W wierszu „Limited Edition” wspominasz o przejęzyczeniu. Zamiast „bezinteresowności” pojawiła się „bezużyteczność”. Od razu w oczach stanął wiersz Wojaczka z frazą, że „poetę należy używać”, ale przede wszystkim Twój tekst „Nieprzydatność” i te słowa „strach pomyśleć, co byłoby, gdyby wszyscy byli tacy nieprzydatni jak ja”. Ta Twoja problematyczna nieprzydatność służy mi od wielu lat, sprowadza na ziemię itd., tutaj każdy czytelnik (Twój fan) podałby pewnie swoją wersję uzasadnienia.
Wczoraj czy przedwczoraj jeden z uczestników „Jednego z dziesięciu” na pytanie o szesnastowiecznego autora Figlików, odpowiedział bez wahania: Juliusz Słowacki. Ujawnił podwójną niewiedzę, nie tylko w odniesieniu do Figlików i Mikołaja Reja, ale również w odniesieniu do Juliusza Słowackiego. Ale jak się chwilę zastanowić, to do czego – poza tym teleturniejem – może mu się przydać taka wiedza? Zdobywając medal na olimpiadzie, przynosisz radość, jeśli nie milionom, to setkom tysięcy ludzi. Pisząc dobry wiersz? Kilku, kilkunastu, w porywach kilkudziesięciu. Pycha przeze mnie przemawia czy pokora? Nazwisk tylu wynalazców rzeczy, które zmieniły życie ludzi na lepsze, nie uczą nas w szkole: pierwsza lokomotywa, telefon, lampa naftowa, żarówka, w porządku – ale gdzie dla przykładu pralka, ekspres do kawy, szybkowar? Wodzowie, politycy, i – z zachowaniem proporcji – pisarze bardziej się zasłużyli dla ludzkości?

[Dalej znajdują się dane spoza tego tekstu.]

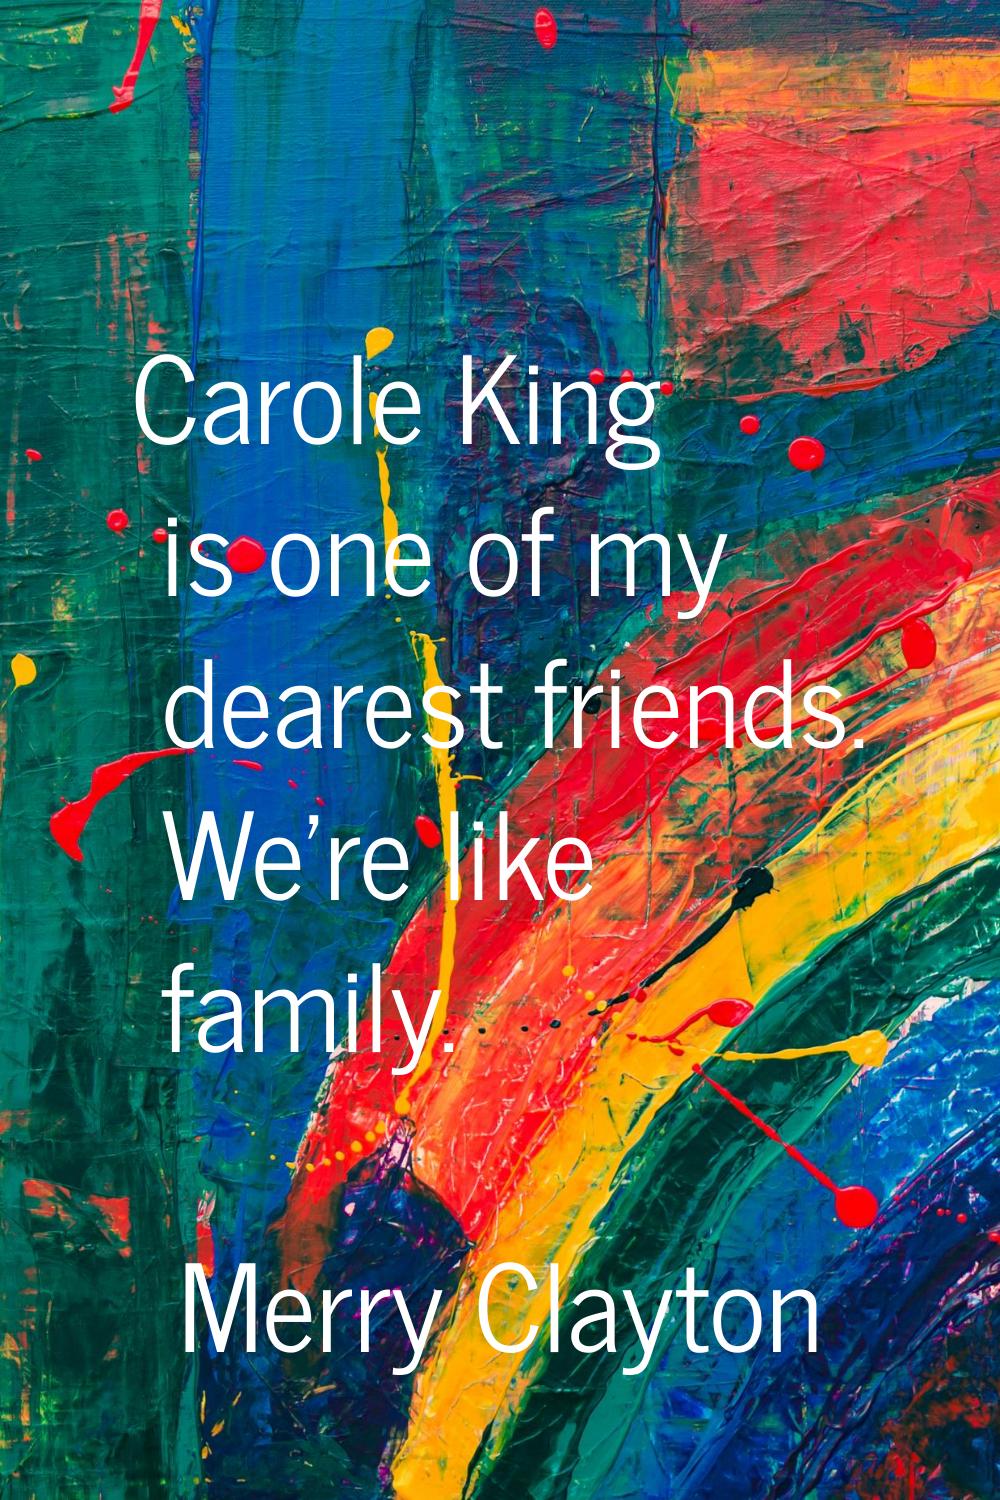 Carole King is one of my dearest friends. We're like family.

Zmianę czasu kończą dwie ważne, niepokojące myśli. Jedna o wędrującej po piętrach śmierci, co koresponduje z otwierającymi tom słowami o „mieszkaniach w domu ojca”. Druga niepokoi mnie jeszcze bardziej, bo dotyczy marzenia, by twoje pisanie przetrwało i było „bez terminu przydatności do spożycia”. Wyczuwam w tym zawahanie… Doskonale wiesz, jaka cenę płaci się, gdy tekst jest zbyt doraźny, oddany sprawie, nie dba o uniwersalność. Mam wrażenie, że Ty nieraz chcesz pogodzić w jakimś jednym błysku, celnej frazie interwencyjną doraźność z duchem uniwersalności.

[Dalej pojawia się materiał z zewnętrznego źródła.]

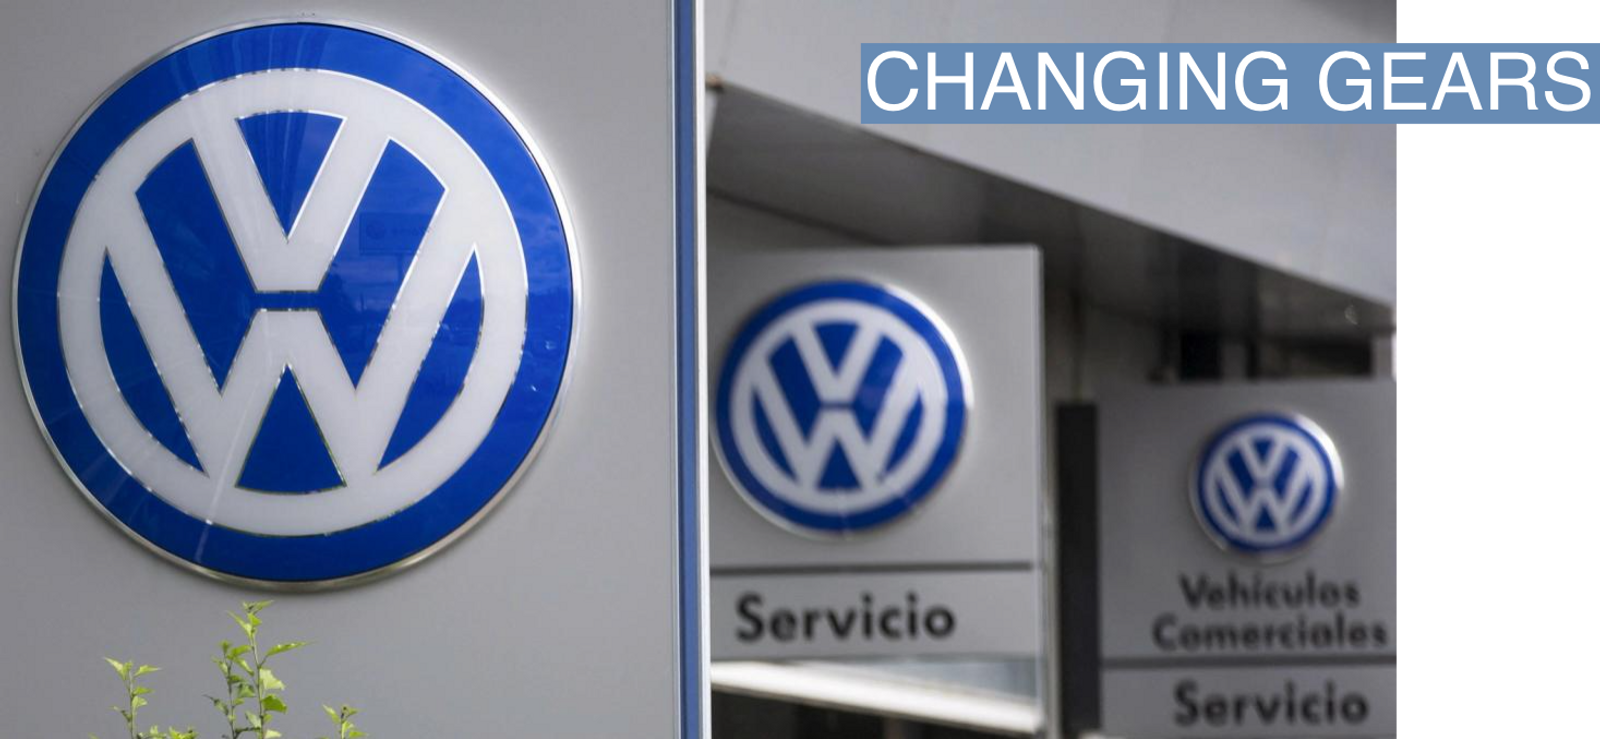 Volkswagen logos at a dealership in Madrid.

Wiersz o mieszkaniach w domu ojca, jeden z niewielu datowanych, napisał mi się w rocznicę jego odejścia, w 2018 roku, Ten drugi, który przywołujesz, zanotowałem jako swego rodzaju post scriptum do wiersza „Krótkie fale” z tomu Starzy znajomi: ta sąsiadka, która zmarła dziesięć dni temu, była matką bliźniaczek z parteru, które w nim się pojawiają. W rzeczywistości to może były tylko siostry. Wiesz, Karolu, czasem staram się tę interwencyjną doraźność ukryć. Jeśli wiesz – a wiesz – co to jest akrostych, przeczytaj sobie jeszcze raz wiersz „Głos w sprawie przyszłości”. Ta interwencyjność jest w nim tak dobrze ukryta, że postanowiłem dorzucić wskazówkę, jaką jest podtytuł. Mam cichą nadzieję, że z kolei w wierszach jawnie doraźnych ukryta jest jakaś wartość dodana, coś, co może aspirować do uniwersalności. W „Kwiatach polskich” to rytm czy onomatopeiczność, w każdym razie z ich ostatniej linijki jestem zadowolony. Zamykający książkę wiersz przyszedł mi do głowy w ostatniej chwili. Sól, cukier, miód są uniwersalne. Jasne, że nie miałbym nic przeciwko temu, żeby przynajmniej niektóre moje wiersze, nawet bezużyteczne, były jak sól, cukier i miód.
Bohdanie, bardzo dziękuję za rozmowę.